“Standard and uncontested.”
That is one online article’s assessment of how probate in California and elsewhere generally works.
That overview’s take on probate stresses that the process for finally settling a decedent’s estate in court is usually not problematic or controversial. Concededly, admitting a will, distributing property, paying estate taxes and attending to a few other core considerations can be time-consuming and even a bit pricey. It does not generally evolve into a gloves-off and bare-knuckles fight among interested living parties, though.
Sometimes, though, it turns exactly into that.

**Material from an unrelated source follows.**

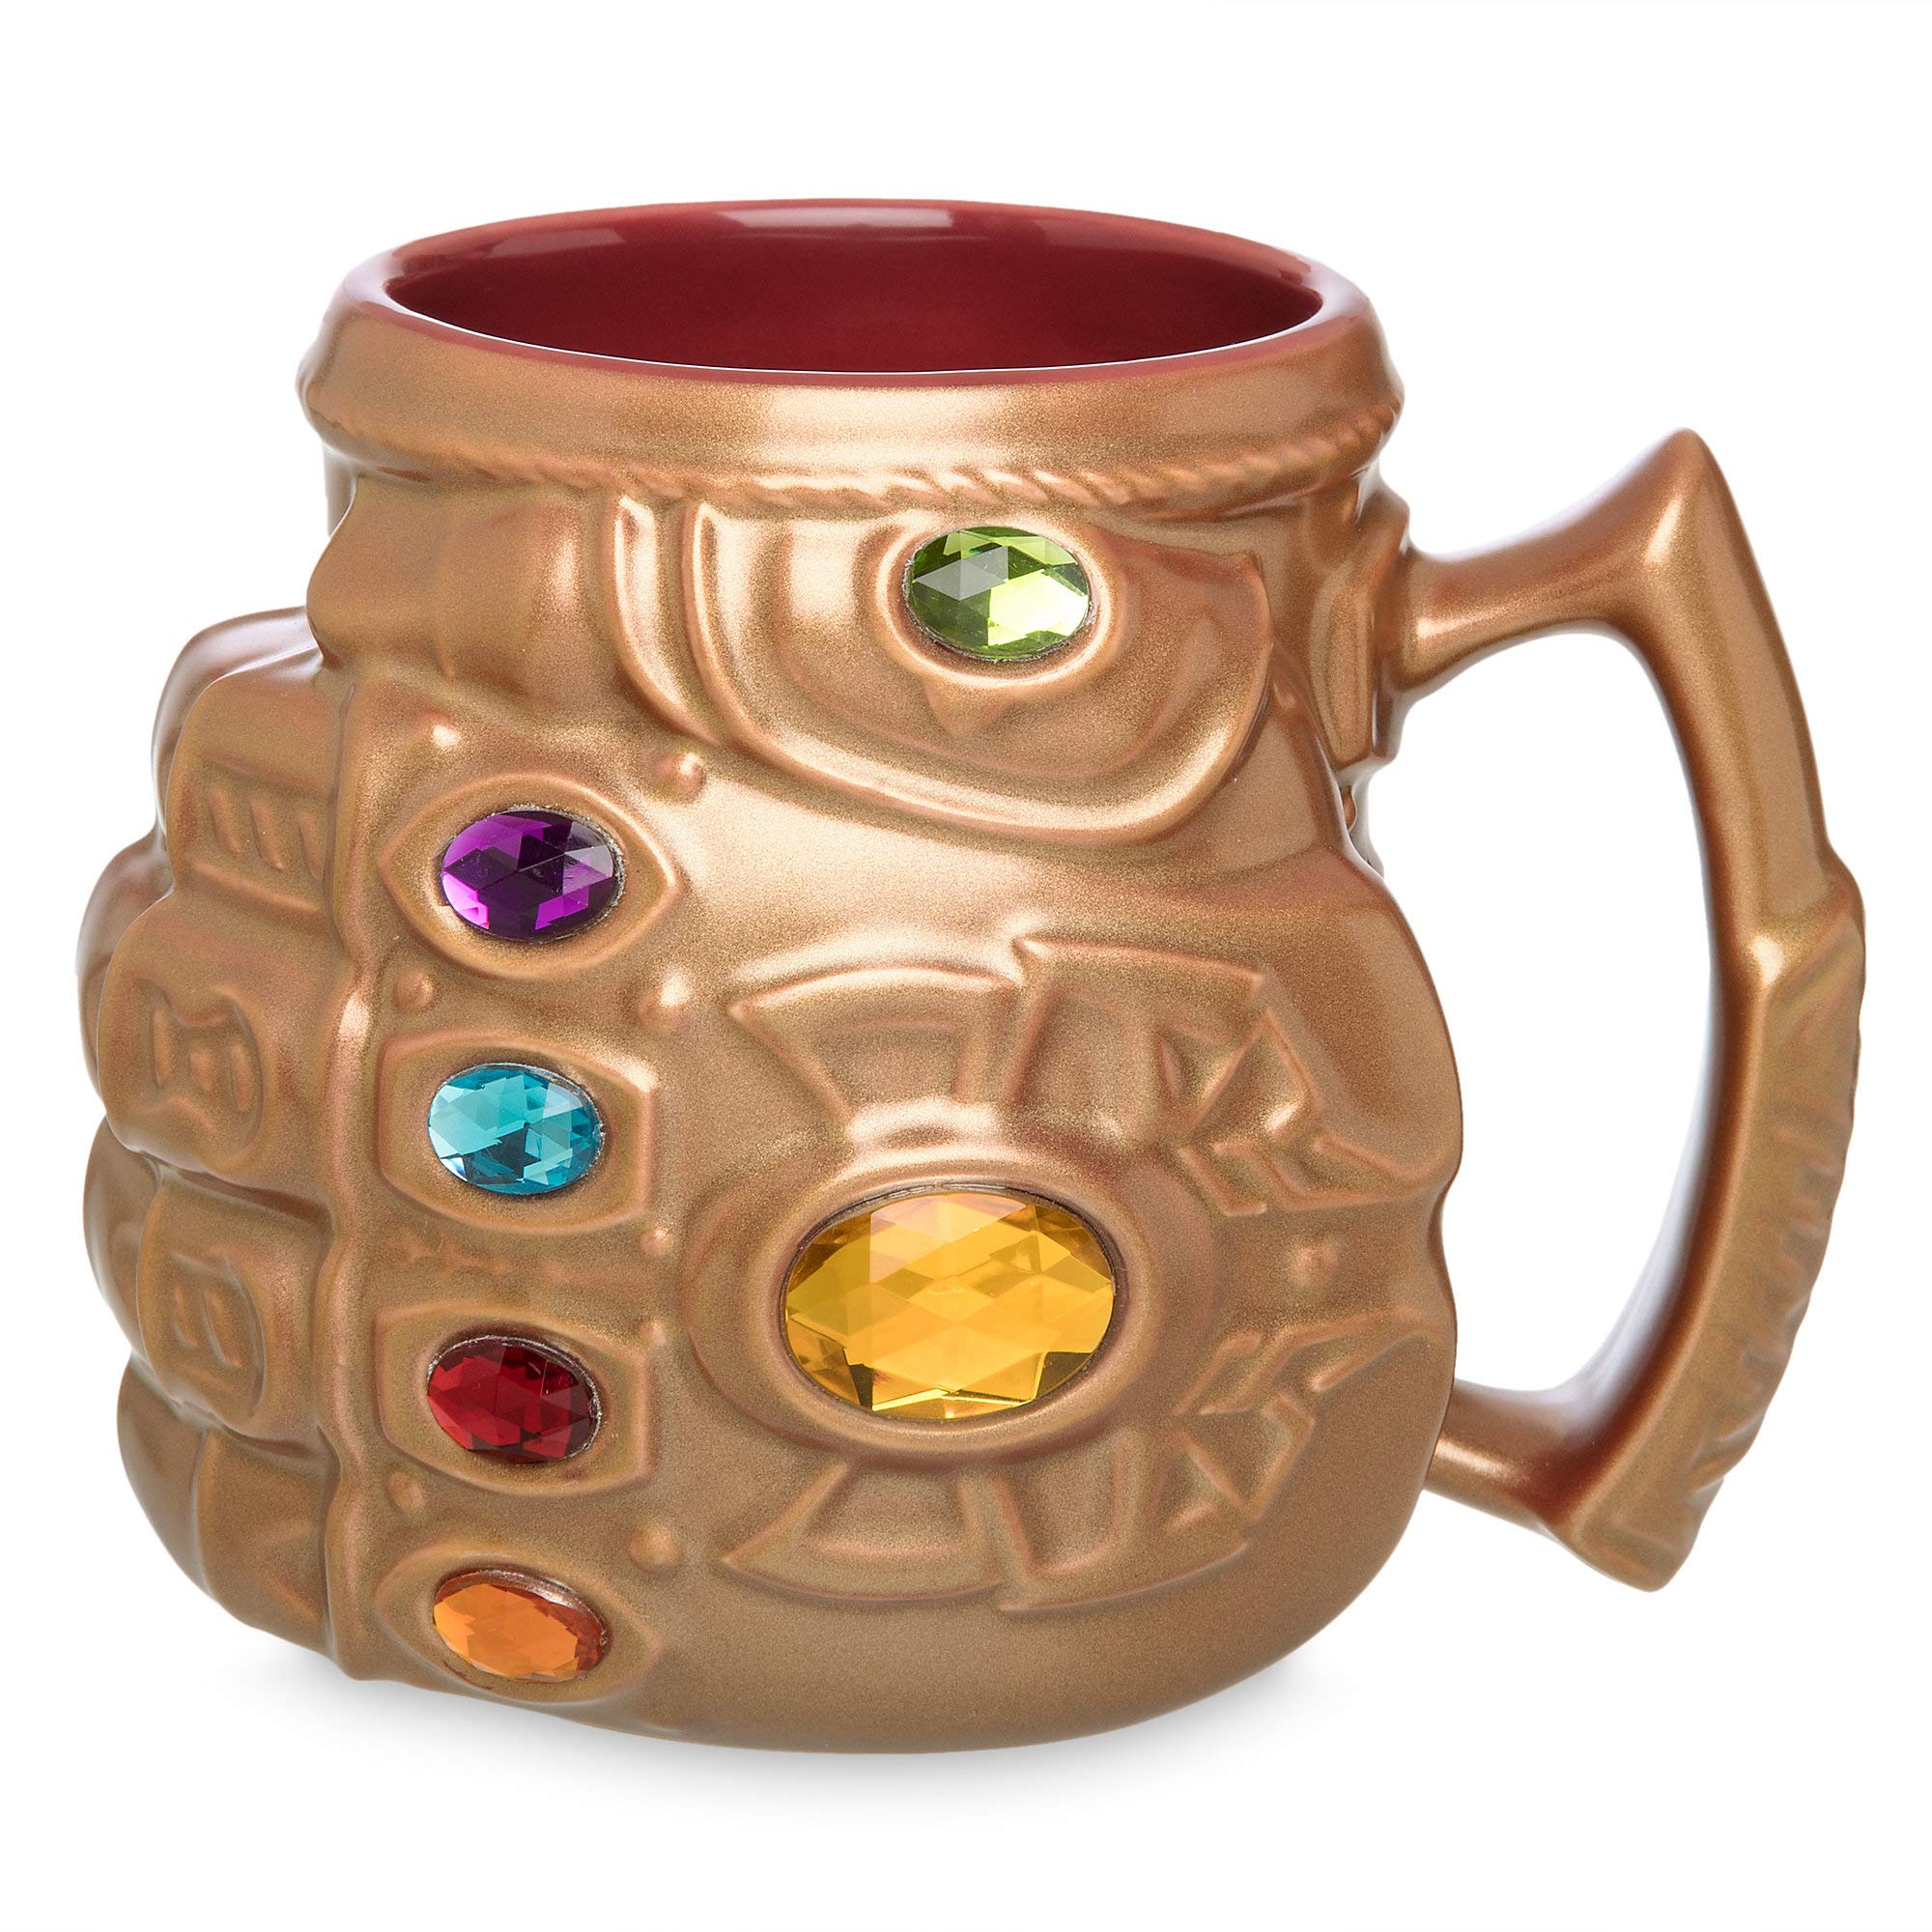 Marvel Thanos Infinity Gauntlet Mug - Marvel's Avengers: Infinity War by Marvel (Image #1)

And when it does, the process known as probate litigation can indeed spawn conflict of major dimensions. The sources that drive a probate war can be many and varied. They include these factors:
- Alleged infirmities in a will relevant to construction and validity
- Questions surrounding a decedent’s or still living planner’s competence/capacity
- Belated material changes made to a will, trust or other estate document
- Spotlighting of alleged duress, undue influence or fraud
- Issues linked with blended families and a planner’s second or subsequent marriage
- Will’s disparate treatment of heirs/beneficiaries
- Challenges to a trustee or other fiduciary
Those bullet points denote just an abbreviated list of many additional concerns that also come to the fore in many probate challenges.
Timely and tailored input from a seasoned estate administration and probate attorney can go far toward reducing the likelihood of down-the-road disputes among living parties concerning estate matters.
As the above-cited article stresses, “good planning can reduce a large portion of probate litigation.”